“Hayatı Iskala(ma)yan Edebiyat” Söyleşisi

Özgür Açılım Platformu, 27 Şubat Pazar günü İstanbul Bilgi Üniversitesinde, Tasfiye Dergisi editörlerinden Ahmet Örs’ü konuk ederek “Hayatı Iskala(ma)yan Edebiyat” başlıklı bir söyleşi gerçekleştirdi.

28 Şubat arifesinde gerçekleşen söyleşiye Ahmet Örs mücadele kavramını açıklayarak başladı. Mücadelenin bütününün parçalardan oluştuğu, parçaların birbirlerini beslediği bu çerçeve içinde temel olarak tevhid ve adaleti almamız gerektiğini vurguladı. Aynı zamanda bu mücadelenin tanımlanmasının somutlaşması açısından önemli olduğunu dile getiren Örs, mücadelenin oluşturduğu yoğun düşüncenin edebiyat, yazı ve sanat ürettiğini, bunları besleyen kaynağın mücadele olduğunu belirtti.

Direniş hafızası oluşturmamızı ve direncimizi ne salt entelektüel birikimle ne de sadece alanlarda yapabileceğimizi ifade etti. Yazıdaki direnişi besleyenin fiili direniş olduğunu vurgulayarak bu hafızanın oluşumunun ikisinin bütünü olduğunu söyledi. 28 Şubat döneminden sonraki direniş hafızasının yokluğunu direnişin olmamasına bağladı.

Kaygımızın hayatla buluşan edebiyat olması gerektiğini belirten Örs, ikinci yeni akımının, imge, çağrışım ve soyutlamalarla, bireyin yalnızlığı, sıkıntıları, çevreye uyumsuzlukları gibi temalarla tek insanları anlattığını vurguladı. Sanat için sanat anlayışı içerisinde olan bu ve benzeri akımların hayatla buluşma noktasındaki sıkıntılarını dile getirdi. Bu bağlamda insanın içine yürüyen şiirler, hikâyeler olması gerektiğini, çiçek-böcek edebiyatı dediğimiz edebiyatın kişiyi hayattan koparttığını, insanın sonsuz hırslarını, tüketimi bir veri olarak kabul ettiğini bu sebeple direnişi ayakta tutamadığını anlattı.

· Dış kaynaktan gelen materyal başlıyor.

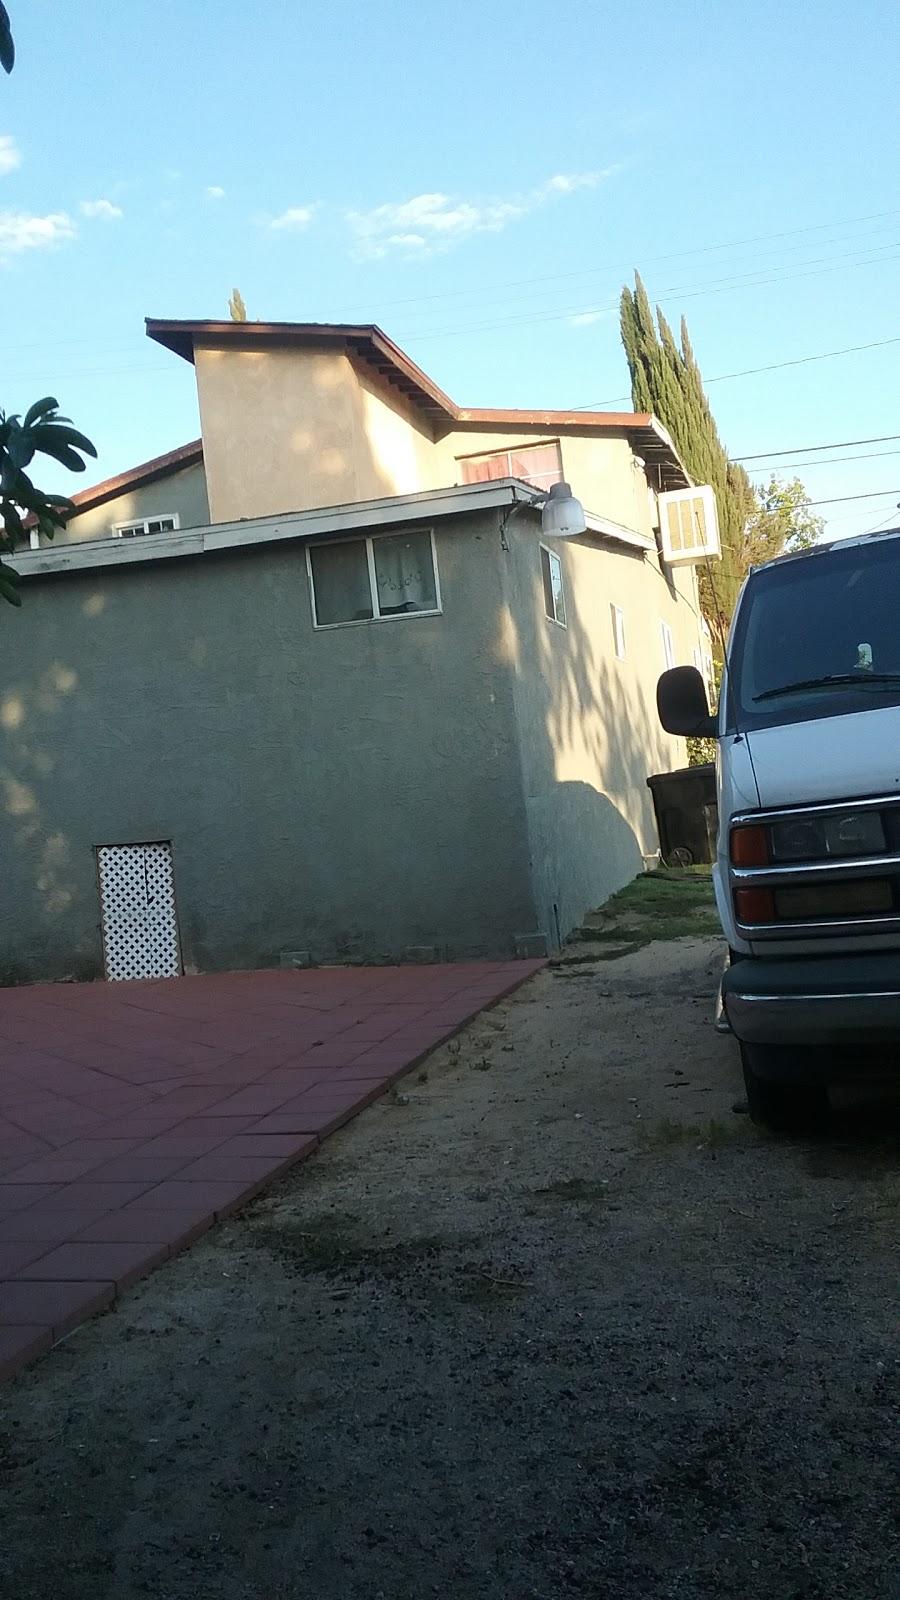 Church of God Seventh Day Word - church    Photo 2 of 2   Address: 3441 Rubidoux Blvd, Riverside, CA 92509, USA   Phone: (951) 774-3056

28 Şubat’ın Türkiye’de derin izler oluşturan bir süreç olduğunu, bizim sürekli 28 şubat soğuğunda yaşayan bir halkın evlatları olduğumuzu ve bunu anlatan edebiyatımızın, belgesellerimizin olması gerektiğini, direnişi ancak bu şekilde ayakta tutabileceğimizi fakat bu alanlarda hala derli toplu bir fotoğrafın oluşmadığını ifade etti.

Yaşanmışlıkların unutulmaması, direnişin canlanması için bunların unutulmayacak alanlara taşınılması gerektiğini belirterek Müslümanlar olarak hiçbir zulme boyun eğmememiz gerektiğini vurguladı.

Edebiyatın vicdandan, insandan, acıdan beslendiğini ve hayata dokunmadan insanların acılarına dokunulamayacağını dile getiren Örs, sosyal adalet anlayışının, ezilenlere ezildiklerini fark ettirme, zulme ve sömürüye başkaldırının Tasfiye’nin ana damarlarından biri olduğunu dile getirdi.

Örs, ideolojik edebiyat eleştirisine ise; ideoloji bakış açısı oluşturur yanıtını verdi.

Tasfiye’nin çizgisini belirtmeye çalışırken konforu bozma, risk alma, herkesin rahat olduğu, tüm şartların Müslümanların lehine olduğu düşünülen bir zamanda muhalefet etmenin camia tarafından görmezden gelinmeyi getireceğini belirtti.

Edebiyatın konforu bozması gerektiği, insanları tedirgin etmesi gerektiğini vurgulayan Ahmet Örs hayatı ıskala(ma)yan edebiyatın bu minvalde olacağını dile getirdi. Tasfiye’nin edebiyatın halk için aynı zamanda halkın içinden oluşturduğunu ifade etti.

Protesto ve direniş kavramlarının ayırımın yaparak, protesto bir çizgiye dönüşmüyorsa orada sorun olduğu ve çizgini belirlemezsen o bilincin kaybolacağını vurguladıktan sonra, ancak daimi direnişle itminan olarak Rabbimize gideceğimizi belirtti.